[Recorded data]
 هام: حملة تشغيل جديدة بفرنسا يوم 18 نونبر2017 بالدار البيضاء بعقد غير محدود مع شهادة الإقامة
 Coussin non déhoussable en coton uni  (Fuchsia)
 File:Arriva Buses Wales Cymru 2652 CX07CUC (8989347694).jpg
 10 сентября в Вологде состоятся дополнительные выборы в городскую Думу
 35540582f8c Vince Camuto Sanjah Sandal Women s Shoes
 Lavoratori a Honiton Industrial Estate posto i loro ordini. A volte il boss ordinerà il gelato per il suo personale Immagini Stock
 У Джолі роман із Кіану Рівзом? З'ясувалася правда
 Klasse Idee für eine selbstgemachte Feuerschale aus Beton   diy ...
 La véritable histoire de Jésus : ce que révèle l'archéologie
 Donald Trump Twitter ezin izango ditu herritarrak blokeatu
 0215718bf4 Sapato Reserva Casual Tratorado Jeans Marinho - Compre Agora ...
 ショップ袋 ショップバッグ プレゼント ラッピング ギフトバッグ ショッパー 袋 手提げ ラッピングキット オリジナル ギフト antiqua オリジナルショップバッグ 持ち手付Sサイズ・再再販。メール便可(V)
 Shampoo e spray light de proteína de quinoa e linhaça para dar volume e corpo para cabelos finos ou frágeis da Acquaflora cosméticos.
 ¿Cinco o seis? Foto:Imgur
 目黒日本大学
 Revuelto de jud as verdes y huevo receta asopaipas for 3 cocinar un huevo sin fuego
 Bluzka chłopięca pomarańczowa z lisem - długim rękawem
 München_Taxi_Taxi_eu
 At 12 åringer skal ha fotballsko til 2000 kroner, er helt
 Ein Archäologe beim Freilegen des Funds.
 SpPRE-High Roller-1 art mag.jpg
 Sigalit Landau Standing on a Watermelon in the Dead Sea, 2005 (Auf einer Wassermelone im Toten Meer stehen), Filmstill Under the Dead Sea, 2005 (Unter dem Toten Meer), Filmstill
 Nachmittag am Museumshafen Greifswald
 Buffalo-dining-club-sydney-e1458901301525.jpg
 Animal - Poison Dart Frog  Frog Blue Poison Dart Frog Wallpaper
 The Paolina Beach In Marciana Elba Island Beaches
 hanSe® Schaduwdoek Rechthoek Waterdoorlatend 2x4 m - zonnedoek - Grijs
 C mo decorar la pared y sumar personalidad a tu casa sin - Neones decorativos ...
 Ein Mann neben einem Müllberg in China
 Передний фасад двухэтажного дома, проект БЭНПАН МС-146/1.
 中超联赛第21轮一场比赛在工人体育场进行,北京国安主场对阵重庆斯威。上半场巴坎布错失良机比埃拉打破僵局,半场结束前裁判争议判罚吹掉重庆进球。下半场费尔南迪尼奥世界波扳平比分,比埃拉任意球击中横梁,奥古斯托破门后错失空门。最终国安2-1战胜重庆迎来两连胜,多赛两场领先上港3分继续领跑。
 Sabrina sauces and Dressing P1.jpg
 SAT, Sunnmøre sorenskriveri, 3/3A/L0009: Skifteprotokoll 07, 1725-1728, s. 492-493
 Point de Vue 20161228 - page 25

#### [Aim of the exercise]
An exact copy of every record is required.

#### [Output for this exercise]
 هام: حملة تشغيل جديدة بفرنسا يوم 18 نونبر2017 بالدار البيضاء بعقد غير محدود مع شهادة الإقامة
 Coussin non déhoussable en coton uni  (Fuchsia)
 File:Arriva Buses Wales Cymru 2652 CX07CUC (8989347694).jpg
 10 сентября в Вологде состоятся дополнительные выборы в городскую Думу
 35540582f8c Vince Camuto Sanjah Sandal Women s Shoes
 Lavoratori a Honiton Industrial Estate posto i loro ordini. A volte il boss ordinerà il gelato per il suo personale Immagini Stock
 У Джолі роман із Кіану Рівзом? З'ясувалася правда
 Klasse Idee für eine selbstgemachte Feuerschale aus Beton   diy ...
 La véritable histoire de Jésus : ce que révèle l'archéologie
 Donald Trump Twitter ezin izango ditu herritarrak blokeatu
 0215718bf4 Sapato Reserva Casual Tratorado Jeans Marinho - Compre Agora ...
 ショップ袋 ショップバッグ プレゼント ラッピング ギフトバッグ ショッパー 袋 手提げ ラッピングキット オリジナル ギフト antiqua オリジナルショップバッグ 持ち手付Sサイズ・再再販。メール便可(V)
 Shampoo e spray light de proteína de quinoa e linhaça para dar volume e corpo para cabelos finos ou frágeis da Acquaflora cosméticos.
 ¿Cinco o seis? Foto:Imgur
 目黒日本大学
 Revuelto de jud as verdes y huevo receta asopaipas for 3 cocinar un huevo sin fuego
 Bluzka chłopięca pomarańczowa z lisem - długim rękawem
 München_Taxi_Taxi_eu
 At 12 åringer skal ha fotballsko til 2000 kroner, er helt
 Ein Archäologe beim Freilegen des Funds.
 SpPRE-High Roller-1 art mag.jpg
 Sigalit Landau Standing on a Watermelon in the Dead Sea, 2005 (Auf einer Wassermelone im Toten Meer stehen), Filmstill Under the Dead Sea, 2005 (Unter dem Toten Meer), Filmstill
 Nachmittag am Museumshafen Greifswald
 Buffalo-dining-club-sydney-e1458901301525.jpg
 Animal - Poison Dart Frog  Frog Blue Poison Dart Frog Wallpaper
 The Paolina Beach In Marciana Elba Island Beaches
 hanSe® Schaduwdoek Rechthoek Waterdoorlatend 2x4 m - zonnedoek - Grijs
 C mo decorar la pared y sumar personalidad a tu casa sin - Neones decorativos ...
 Ein Mann neben einem Müllberg in China
 Передний фасад двухэтажного дома, проект БЭНПАН МС-146/1.
 中超联赛第21轮一场比赛在工人体育场进行,北京国安主场对阵重庆斯威。上半场巴坎布错失良机比埃拉打破僵局,半场结束前裁判争议判罚吹掉重庆进球。下半场费尔南迪尼奥世界波扳平比分,比埃拉任意球击中横梁,奥古斯托破门后错失空门。最终国安2-1战胜重庆迎来两连胜,多赛两场领先上港3分继续领跑。
 Sabrina sauces and Dressing P1.jpg
 SAT, Sunnmøre sorenskriveri, 3/3A/L0009: Skifteprotokoll 07, 1725-1728, s. 492-493
 Point de Vue 20161228 - page 25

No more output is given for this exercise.